BUG REPORT INFORMATION
Description
Let's say if I have a file at /home/core/test, and then I apply a new machineconfig to write to /home/core/test/test, since /home/core/test is a file, the MCO properly catches that it is unable to create a directory there, and thus degrades.
If I then delete the machineconfig that introduced this change, the MCC will properly detect that the worker pool should go back to targeting the previous machineconfig for the pool worker. However, the MCD running on the node does not detect this change. It will continuously fail-loop on Marking Degraded due to: failed to create directory "/home/core/test": mkdir /home/core/test: not a directory, marking the node as schedulingdisabled and failing to make any progress. In fact, since the annotation on the node never gets updated, even deleting the MCD pod doesn't fix the error, as the new one will attempt the same update and fail on the same error.

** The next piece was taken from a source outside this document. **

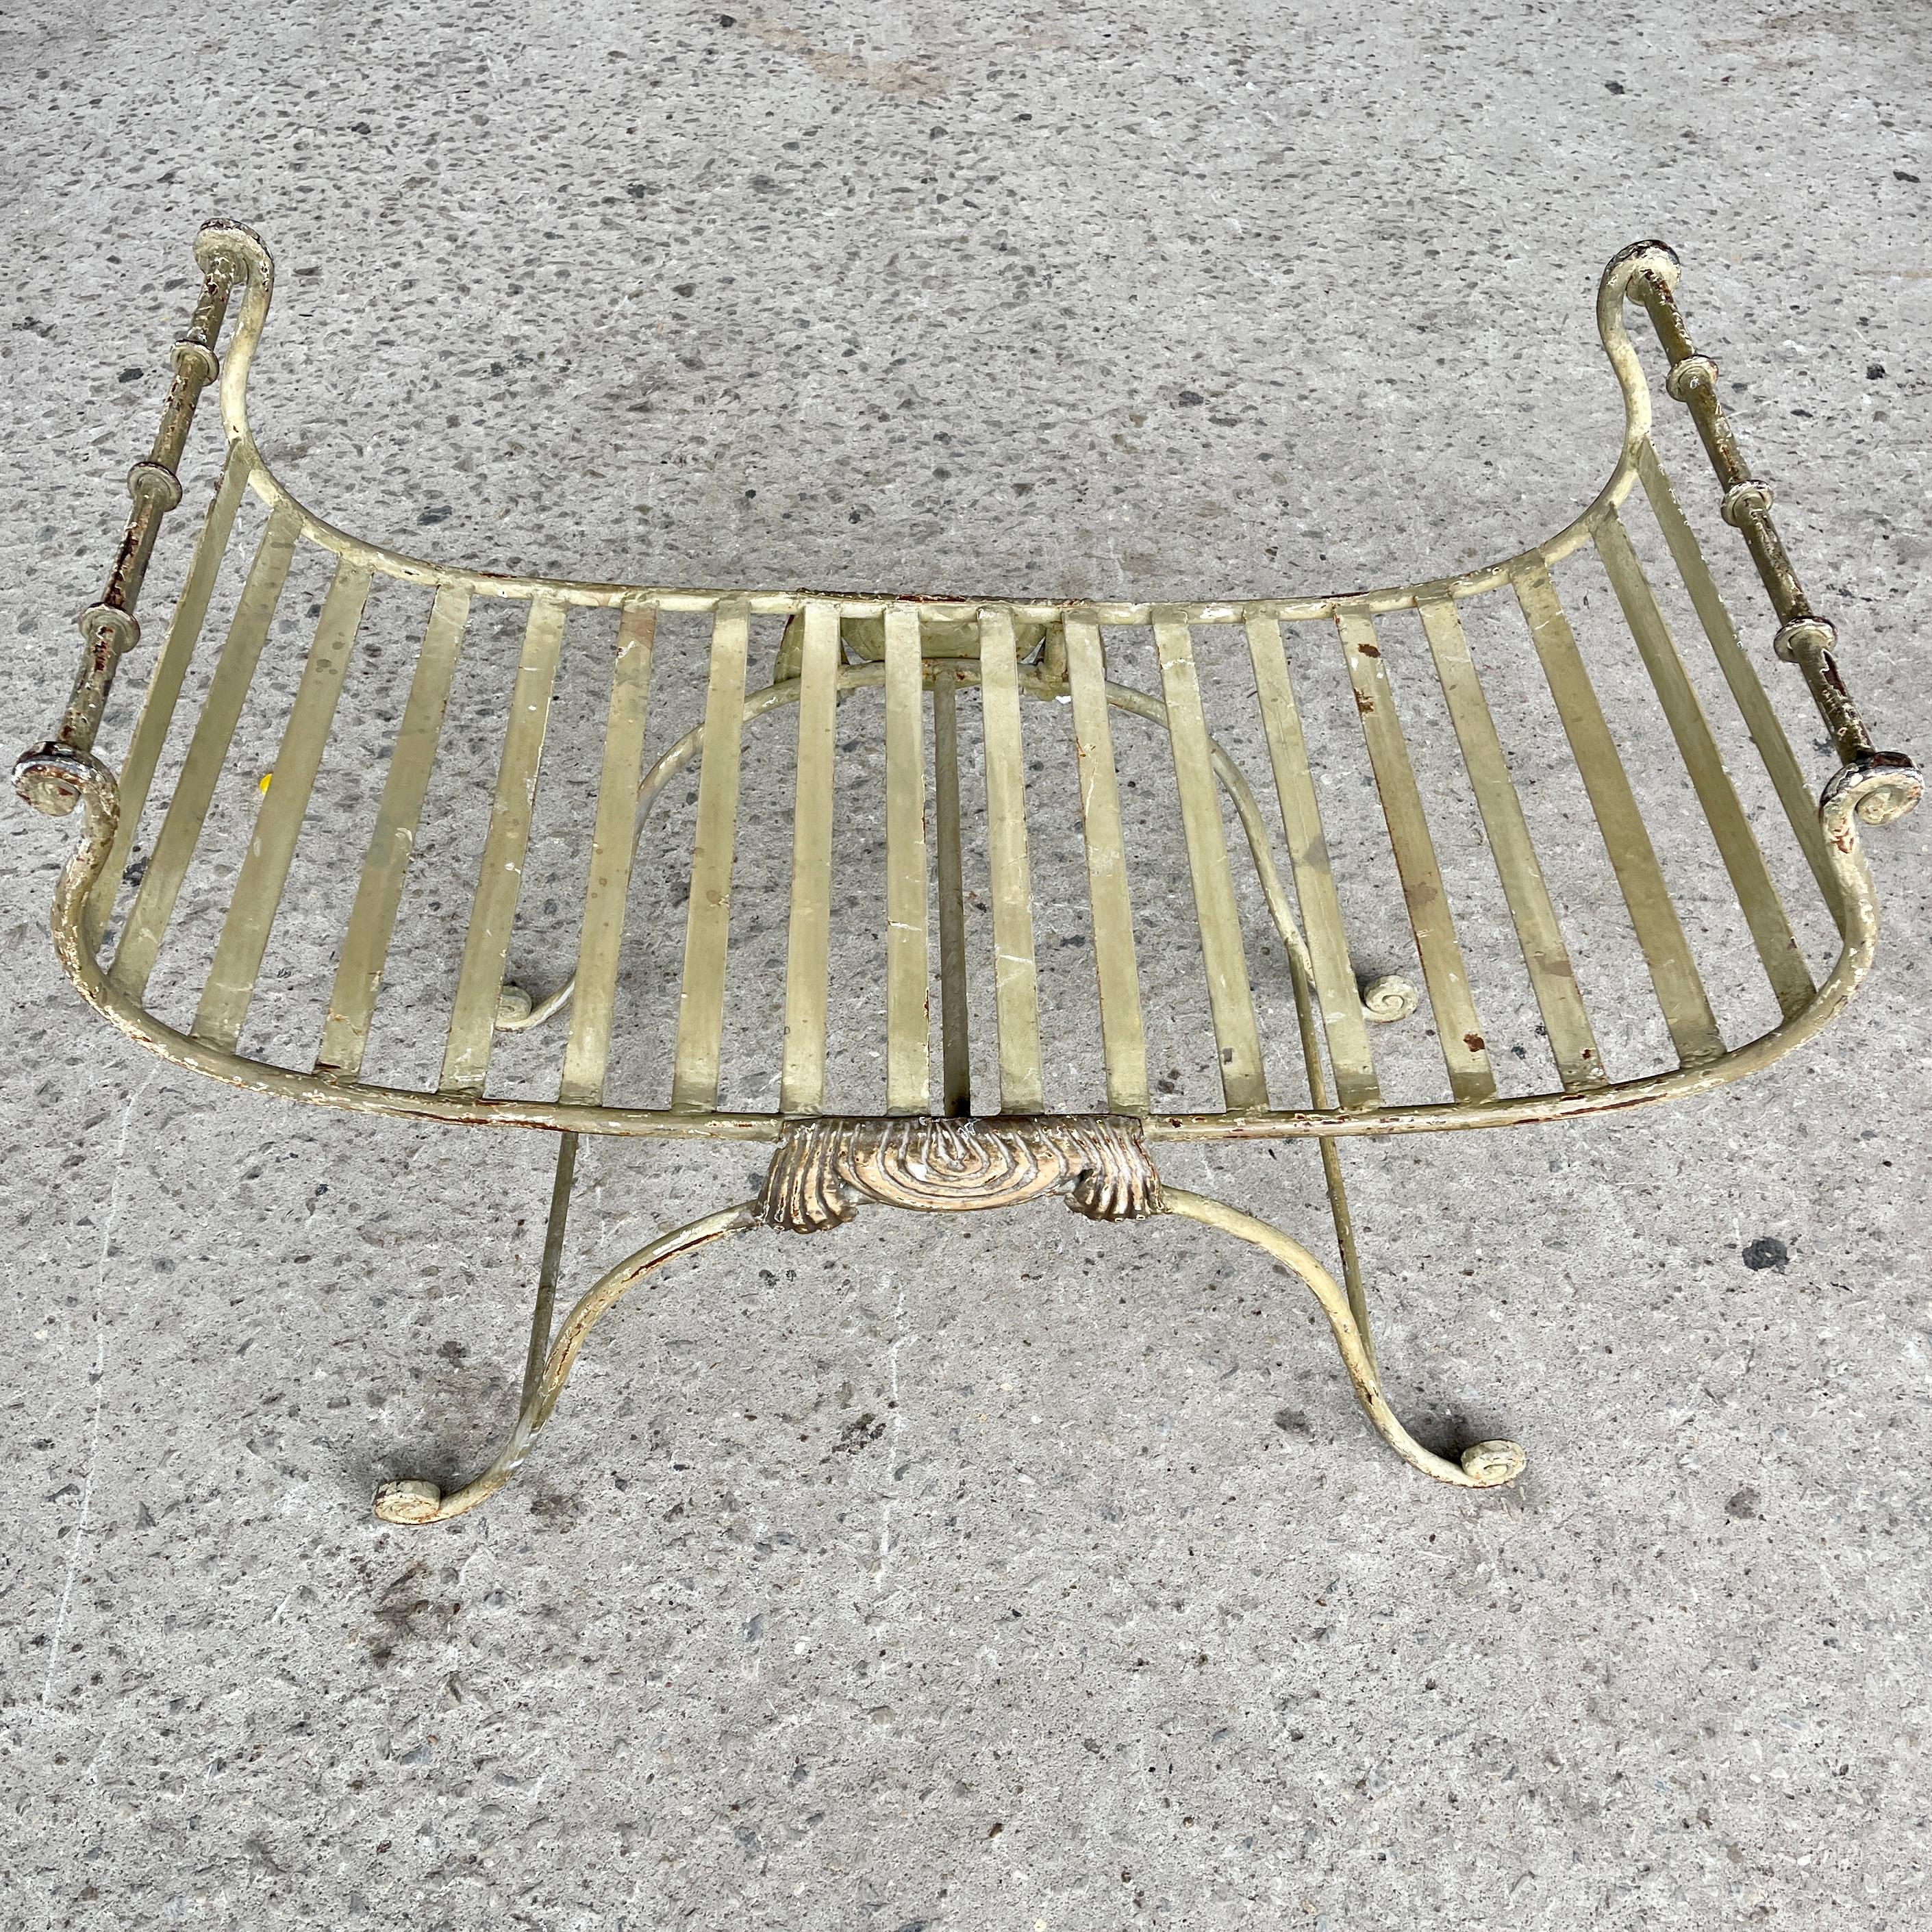 20th Century Large Wide Patio Garden Painted Iron Seat Bench, Circa 1930-1950 For Sale

To recover, we would need to update the annotation on the node by hand to the previous desiredConfig, and the manually oc adm uncordon node. This is obviously not desired behaviour, as we should be able to recover automatically when the MC is deleted.
I've not tested every degrade-recovery scenario but I remember we were able to recover from some cases before. Will test to see if other types of degrades exhibit the same behaviour.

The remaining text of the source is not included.